Le coup d’envoi officiel du programme «Forsa» vient d’être donné. Son pilotage est assuré par le ministère du Tourisme, de l’artisanat et de l’économie sociale et solidaire, par l’intermédiaire de la Société marocaine d’ingénierie touristique (SMIT). Mme Fatim-Zahra Ammor avait affirmé lors de la cérémonie officielle de lancement de ce programme qu’«il s’inscrit dans la perspective d’encourager les jeunes porteurs de projets à amorcer leurs projets et à accéder à leur indépendance financière». Elle a également indiqué que ce programme est lancé en exécution des Hautes Orientations Royales visant à soutenir et renforcer l’entrepreneuriat des jeunes, pour favoriser leur contribution au développement socio-économique du Maroc.
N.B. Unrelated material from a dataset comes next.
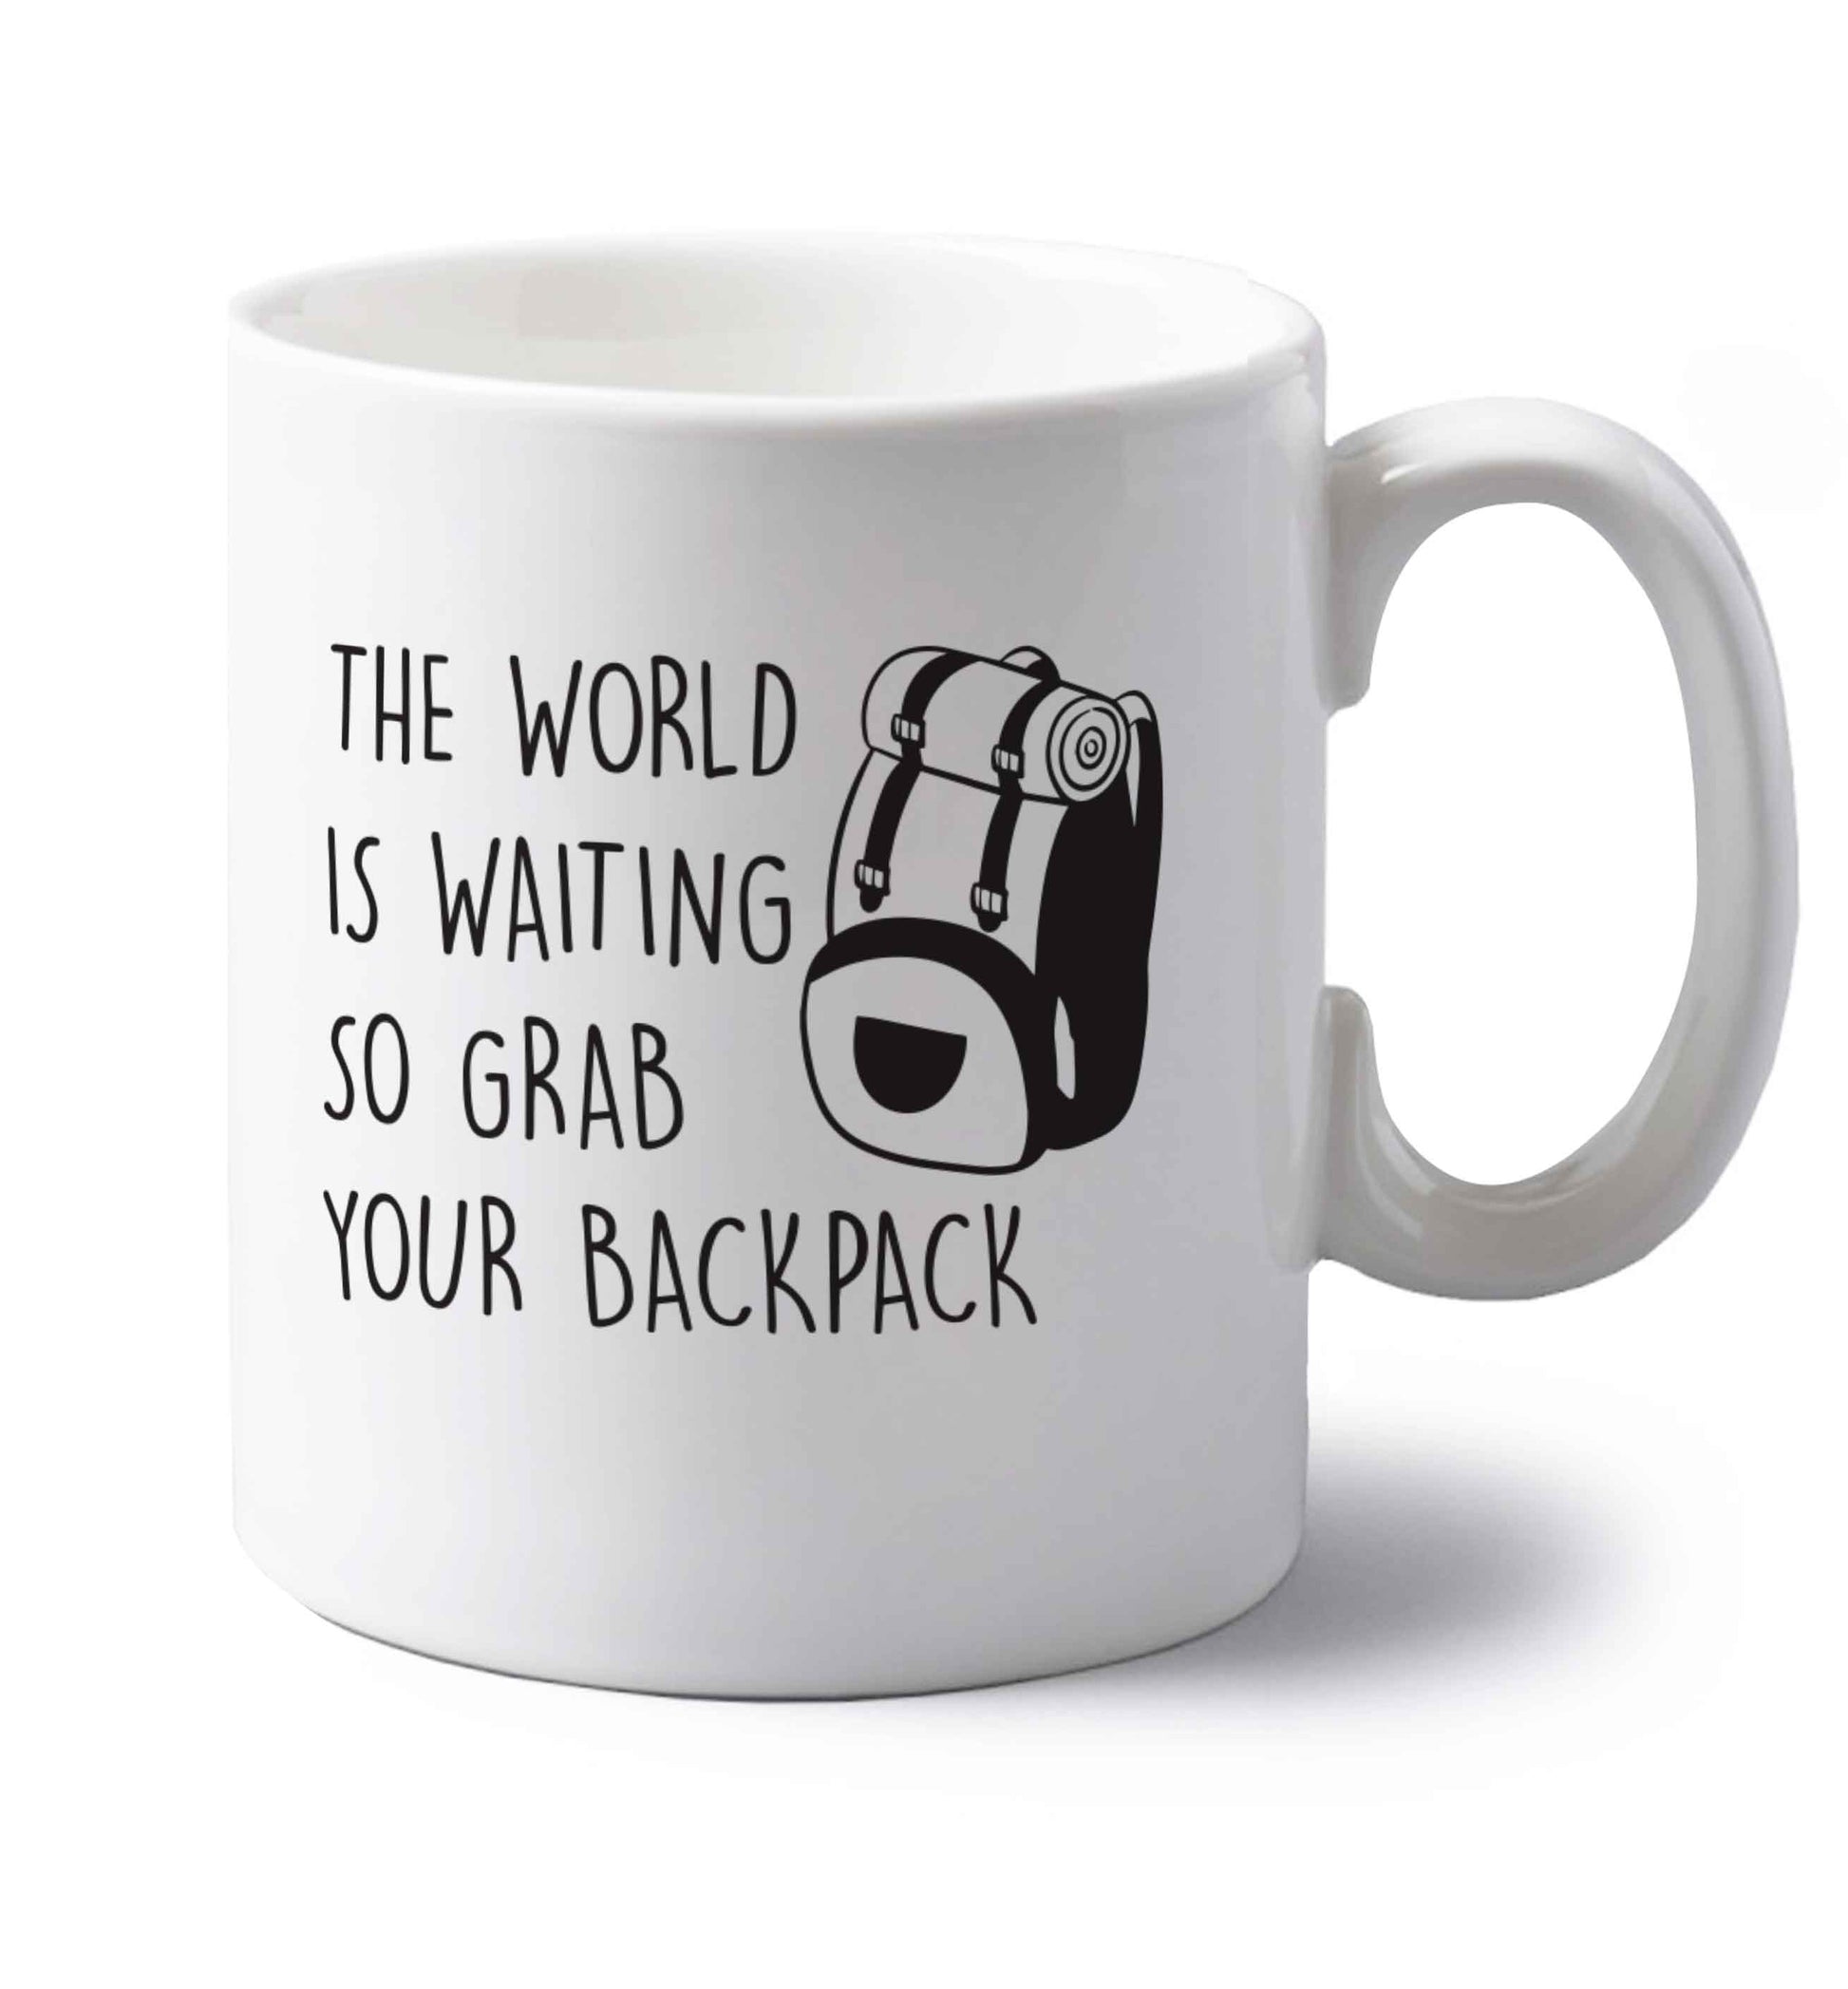 The world is waiting so grab your backpack left handed white ceramic mug

Dans les détails, le dispositif d’accompagnement de «Forsa» prévoit une formation en e-learning pour tous les projets sélectionnés, suivie d’une incubation de 2,5 mois pour les projets les plus innovants. Des appels d’offres ont déjà été lancés pour sélectionner les institutions partenaires parmi les incubateurs locaux, représentés par des organisations de la société civile, spécialisés dans l’accompagnement et le suivi des projets entrepreneuriaux. La composante financement de ce programme prévoit un prêt d’honneur exempt d’intérêts d’un montant maximum de 100.000 DH, dont une subvention de 10.000 DH pour tous les projets sélectionnés. Intégralement pris en charge par l’État, la formule de financement de «Forsa» offre la possibilité aux porteurs de projets de rembourser leurs prêts sur une période maximale de 10 ans, avec une période de grâce de 2 ans.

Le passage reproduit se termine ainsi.